A month ago I spend some time tickling the limits of the RubyVM. First of all I started reading the source code which is in C and focused on all the numbering conversion code mainly because it looked complex and powerful. Ruby aims to impose very few limitations, so, when handling numbers it quickly jumps into the BigNum world when the number can’t fit in 64bits.
That’s nice, because the language hugely simplifies working with numbers, it even supports complex, rational and other kind of numbers properly. But this tends to make the implementation more complex and imposes some performance penalty. This turns to be pretty powerful and it would be great if machines could own infinite memory to handle this. But reality differs a bit, and machines own a limited memory.. and to optimize some of those cases RubyVM uses alloca() to store some of the intermediate operations.
This is bad. Very bad. Using alloca() is a very bad idea for various reasons, first of all because there’s no portable way to determine its boundaries and depending on the implementation it can handle negative allocations, never return NULL, etc.. so, it’s usually a root of stack exhaustion crashes, and under some situations it is possible to execute code.
Disclosure
I took this issue as a serious business and decided to contact the Ruby Security team in order to make a responsible disclosure.. But after waiting a month without any response.. I decided to use full disclosure because I believe this is by far more responsible than waiting more time for an answer or a new release.
The crash
The crash can be reproduced on with this simple line:
Complex(‘8===D’*9999999,0)
When Complex gets a very long string in any of the two arguments it produces an out of bounds access in the stack. Running the same line with different lengths produces crashes at different places in the code, all of them produced by invalid memory accesses.
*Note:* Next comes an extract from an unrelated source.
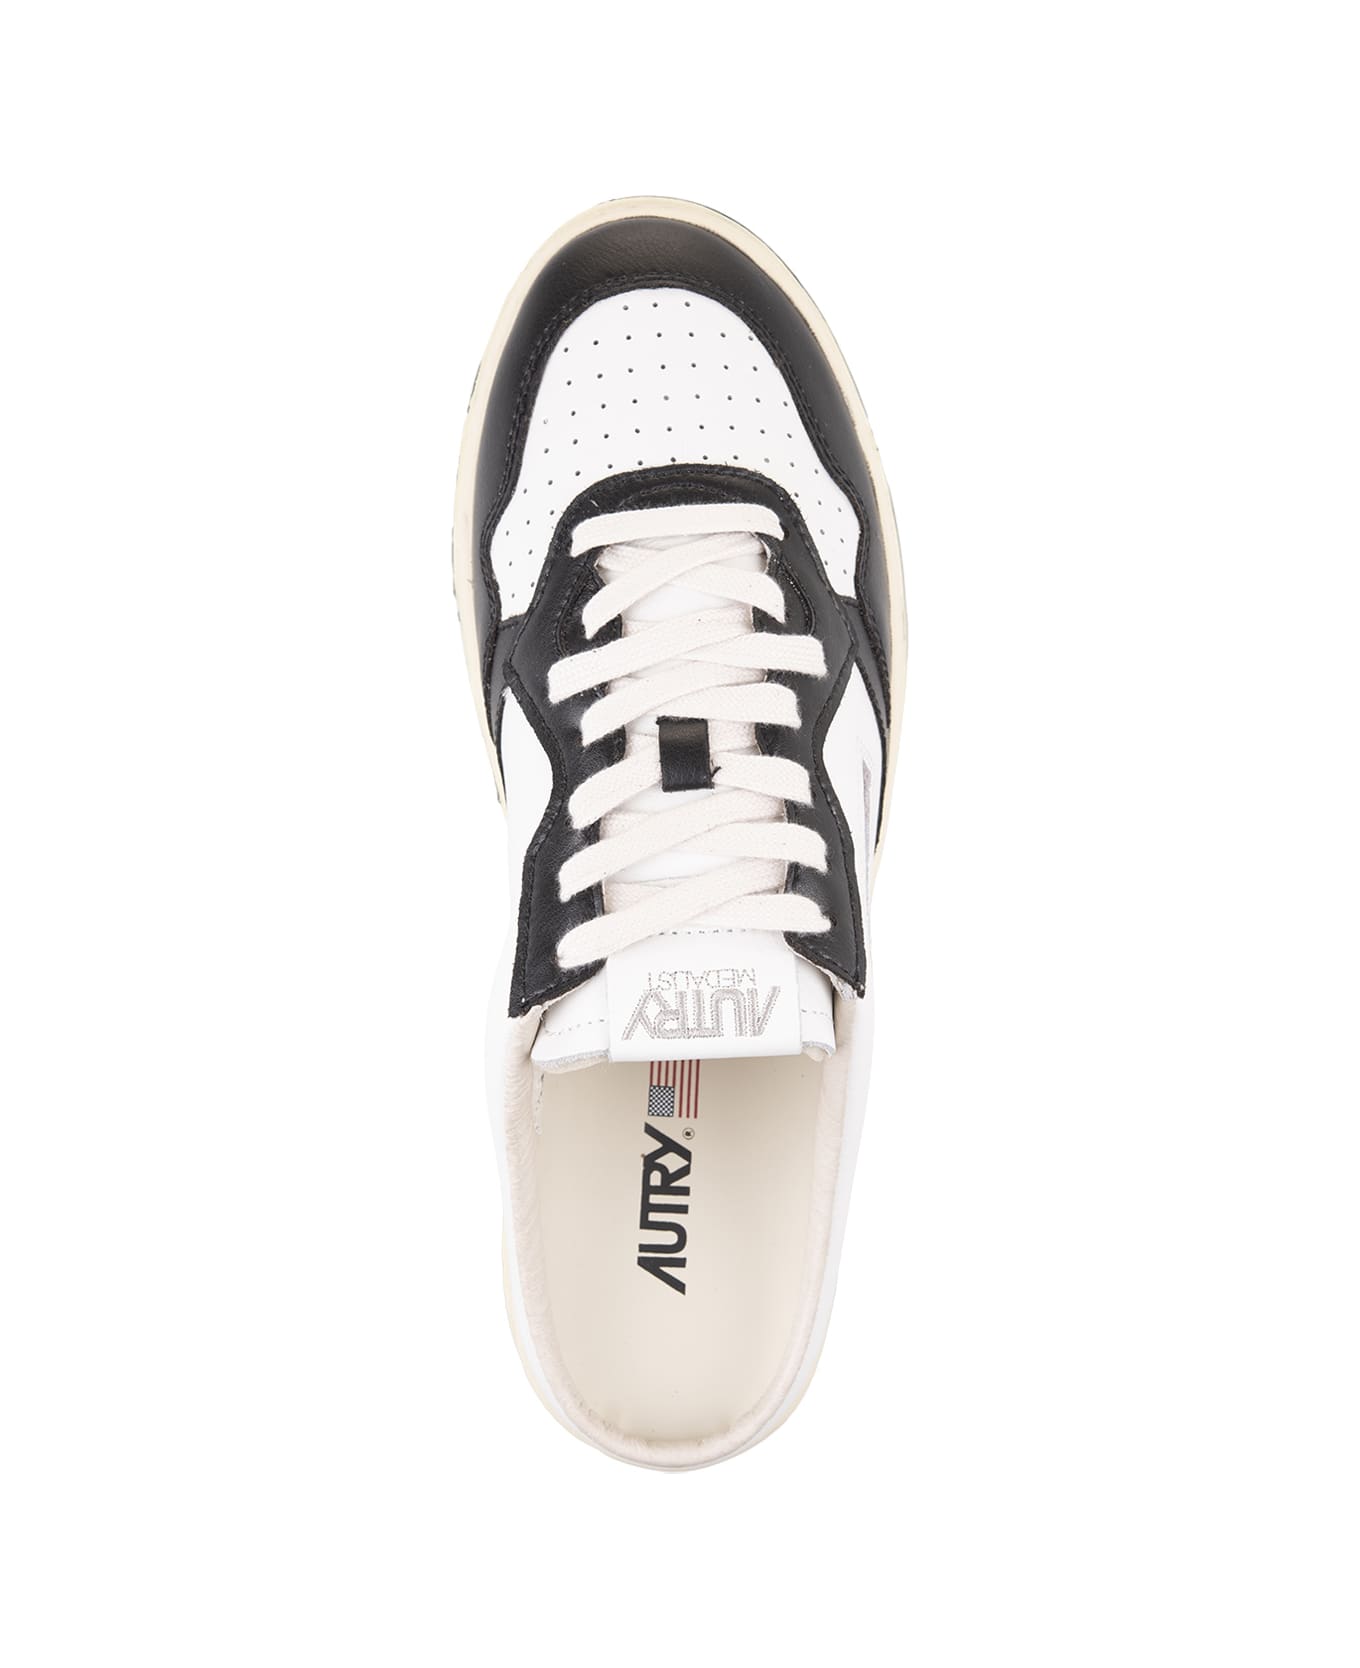 Autry White And Black Medalist Mule Sneakers - Black スニーカー

Some of the places it may crash are in calls (where the pc is pushed in the stack), read and write memory accesses. Depending on the memory layout and the compiler used, the alloca may miss-check the parameter and result in growing the stack enough forward (or backward if the value is negative) to read/write or pivot the stack to a newly controlled area and perform code execution.
Checking out the bug tracker I found the following issue:
This is exactly the issue I found and it doesn’t seems to have any CVE associated. In the git repository this fix has been added in May 2th:
The 2.1.2 release (the last one in the website) is from May 9th, 7 days after this commit, but the release doesn’t includes this commit. (???)
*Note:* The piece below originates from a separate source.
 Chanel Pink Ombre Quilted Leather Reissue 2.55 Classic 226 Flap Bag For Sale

This is a security vulnerability that should be properly handled by CVE and a new release should be done in order to make all users and customers aware of the problem which not only affects 2.1.2, it crashes on all previous versions (tested on 1.9.3 and 2.0).
http://www.cvedetails.com/vulnerability-list/vendor_id-7252/product_id-12215/Ruby-lang-Ruby.html
That’s the ASAN backtrace of one of my latests tests with ruby-2.1.2 (latest release) running the following script multiple times (ASLR enabled), and it confirms the theory that this vulnerability can cause arbitrary code execution rather than just a simple DoS.
Hopefully, making this public will arise the concern for such problems and make developers be aware of the long strings in their applications/services and the Ruby team push for a new release.